Mum felt my forehead and looked anxious. ‘Oh dear, don’t say you’re going down with something your first day back at school!’ she said.
‘I think Tina’s just a bit worried about school, that’s all,’ said Dad. ‘I always used to get the collywobbles on my first day back.’
Collywobbles was such a funny word I couldn’t help laughing, and then I did feel a bit better.
‘Don’t worry, Tina. You’ll do brilliantly when Miss Lovejoy tests you,’ said Phil. ‘You’re a much better speller than Maddie or me now.’
‘And don’t worry about Selma,’ Maddie whispered. ‘We’ll get your old Baby back, and we’ll bash her up for stealing her.’
‘I’m not sure I’ll remember my spellings. And I don’t want Selma bashed up. She’s still my friend – at least I think she is.’
But when we got to the playground Selma didn’t come over to say hello. The moment she saw us she marched off and stood right at the other end.
‘There! She isn’t your friend any more,’ said Maddie.
Selma wouldn’t even talk to me in class. We still sat on the same table, but she didn’t once lean over Alistair and talk to me the way she used to.
‘It’s surprisingly peaceful now,’ said Alistair.

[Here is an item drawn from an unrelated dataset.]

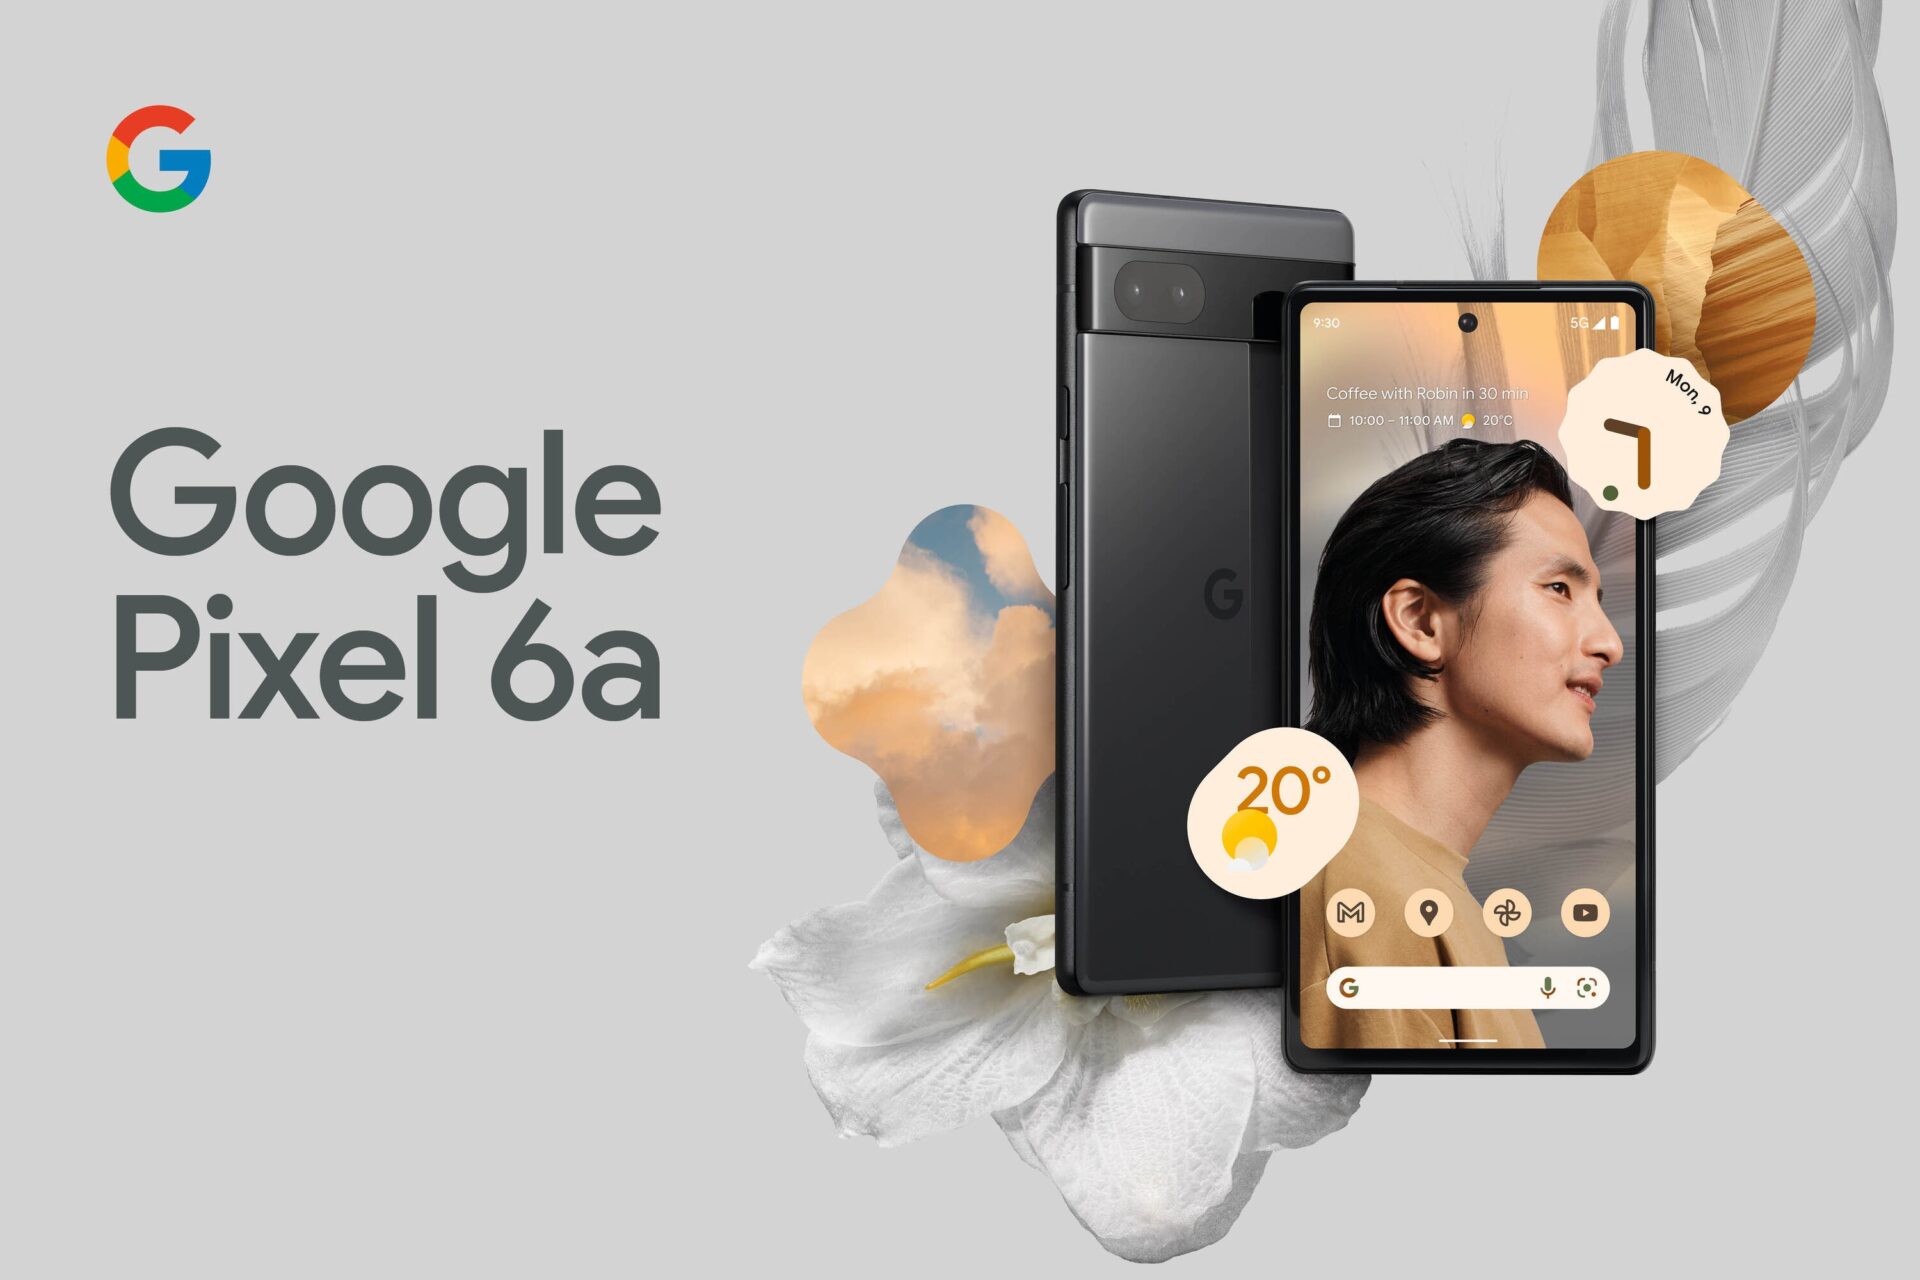 google pixel 6a promotional image

It was too quiet. I didn’t like it at all, especially when I saw Selma talking to Kayleigh. Was she going to be Kayleigh’s friend again?
I decided to have it out with her at playtime, but Miss Lovejoy collared me the second the bell went.

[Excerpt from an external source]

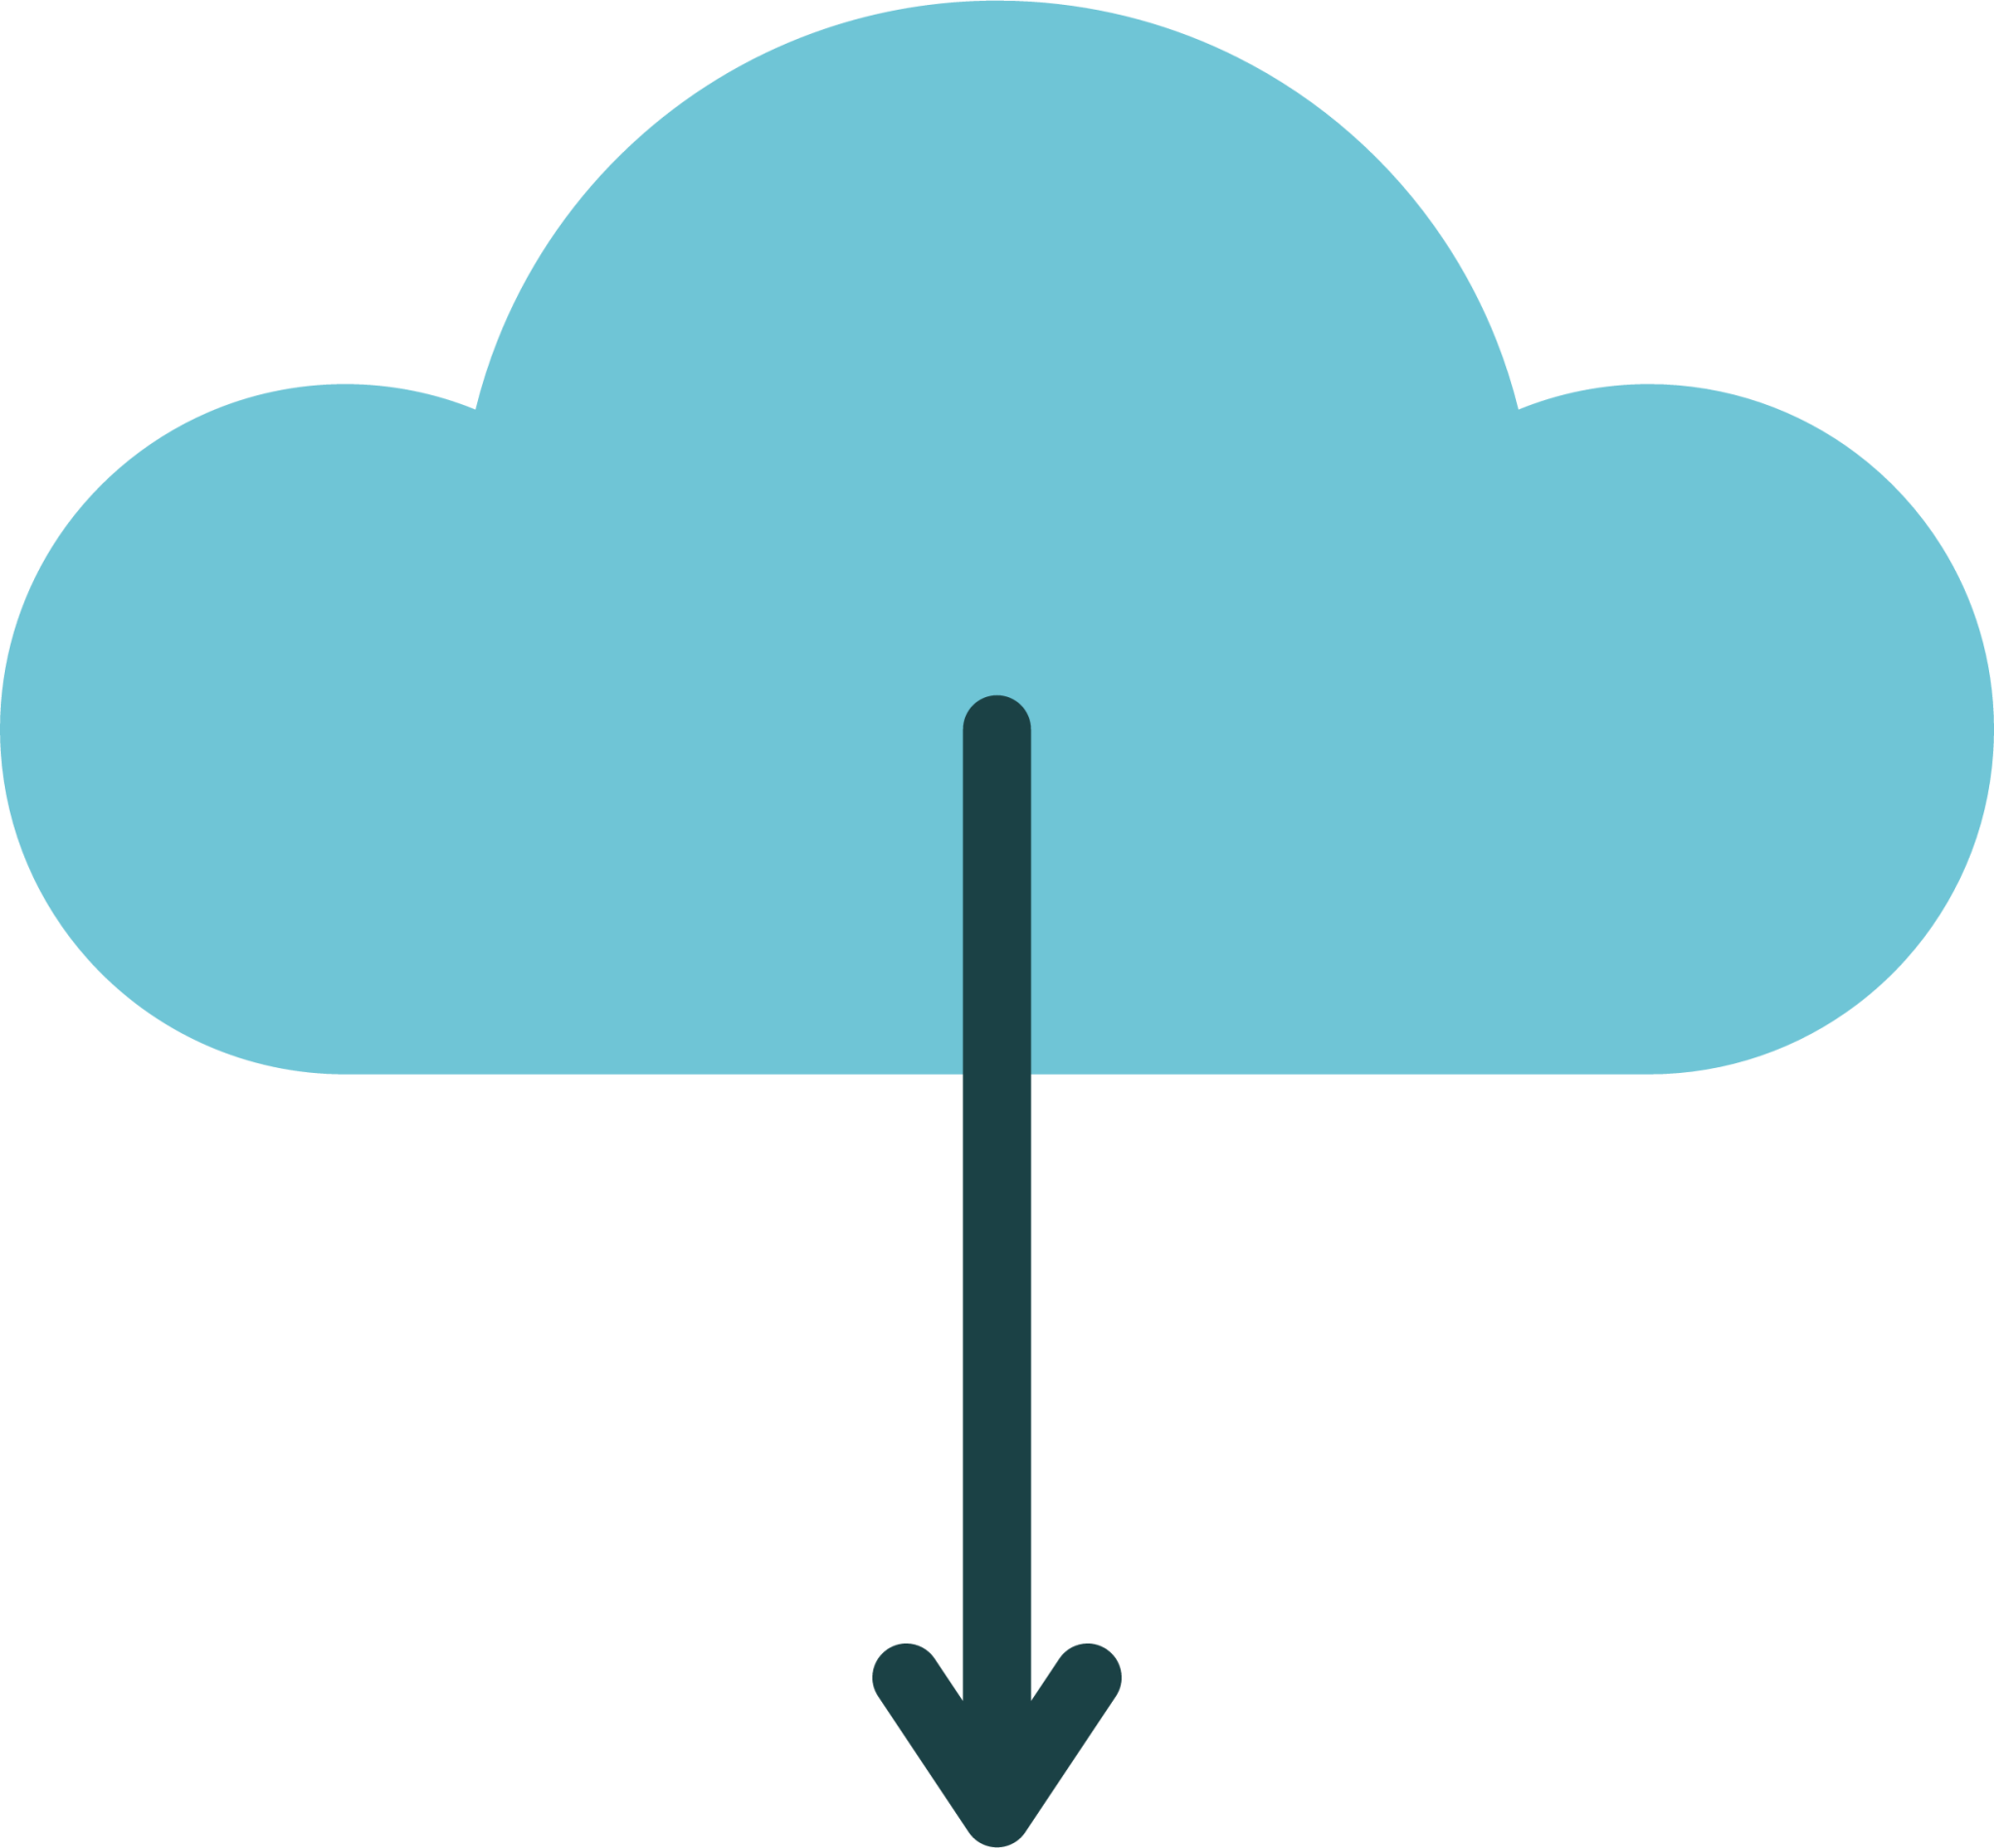 cloud computing 1 icon

‘Not so fast, Tina. You and I have to attend to a little spelling test. Remember?’
‘Oh. A spelling test,’ I said, as if I hadn’t thought about it all holiday.
‘Oh dear, haven’t you been practising?’ Miss Lovejoy looked disappointed.
‘A little bit,’ I said.
‘Well, just do your best,’ she told me. ‘Now, does anyone else want to keep Tina company doing a very hard spelling test, or would you sooner go out and play?’
Naturally they all made for the classroom door. Phil and Maddie dithered as they went out.
‘Would you like us to stay, Tin
a?’ asked Phil.
‘We will if you really want us to,’ said Maddie.
Selma didn’t offer to stay. She’d already gone. Yet it was going to be just as much her butterfly garden as mine.
I felt hurt and angry. All right, I’d spell all by myself. I shook my head at dear kind Phil and Maddie.
‘You go and play,’ I said. ‘I’ll be fine.’
‘That’s the spirit, Tina.’ Miss Lovejoy poured herself a cup of tea from a vacuum flask and opened a packet of chocolate biscuits. ‘Excuse me having my playtime snack. Would you like a biscuit to nibble on too?’
That made me feel a bit better. My insides were starting to feel horribly wobbly and empty. What if I couldn’t remember any of the spellings, like in my dreams? I tried to run through them in my head, but they were all jumbled up.
Miss Lovejoy got out her long list. ‘Let’s begin. Spell little.’
That wasn’t fair. Little wasn’t first on the list. It should be Philippa and then Madeleine. I couldn’t do it if she didn’t ask the words in the right order.
Then I thought of Grandad. ‘Yes, you can do it, pet,’ he said inside my head. ‘Just think of the song, remember.’
Little had a teeny tiny song in a whispery voice, because it was a little word. I wrote it down quickly while I remembered it.
Remember was the next word. I always used to put in too many ‘m’s and ‘b’s. But Grandad had sung it in a jerky, funny way – r-e-m-e-m-b-e-r – so that remember was easy-peasy to remember! I wrote it down.
I wrote down all fifty of the words. We were still working our way through them when the bell rang. Miss Lovejoy made the class sit down quietly and do silent reading while we carried on.
Alistair tried to whisper the correct spellings to me. He was only being helpful but it started to confuse me.
‘Alistair, I have a roll of sellotape in my desk drawer. Don’t make me have to seal your lips up,’ said Miss Lovejoy.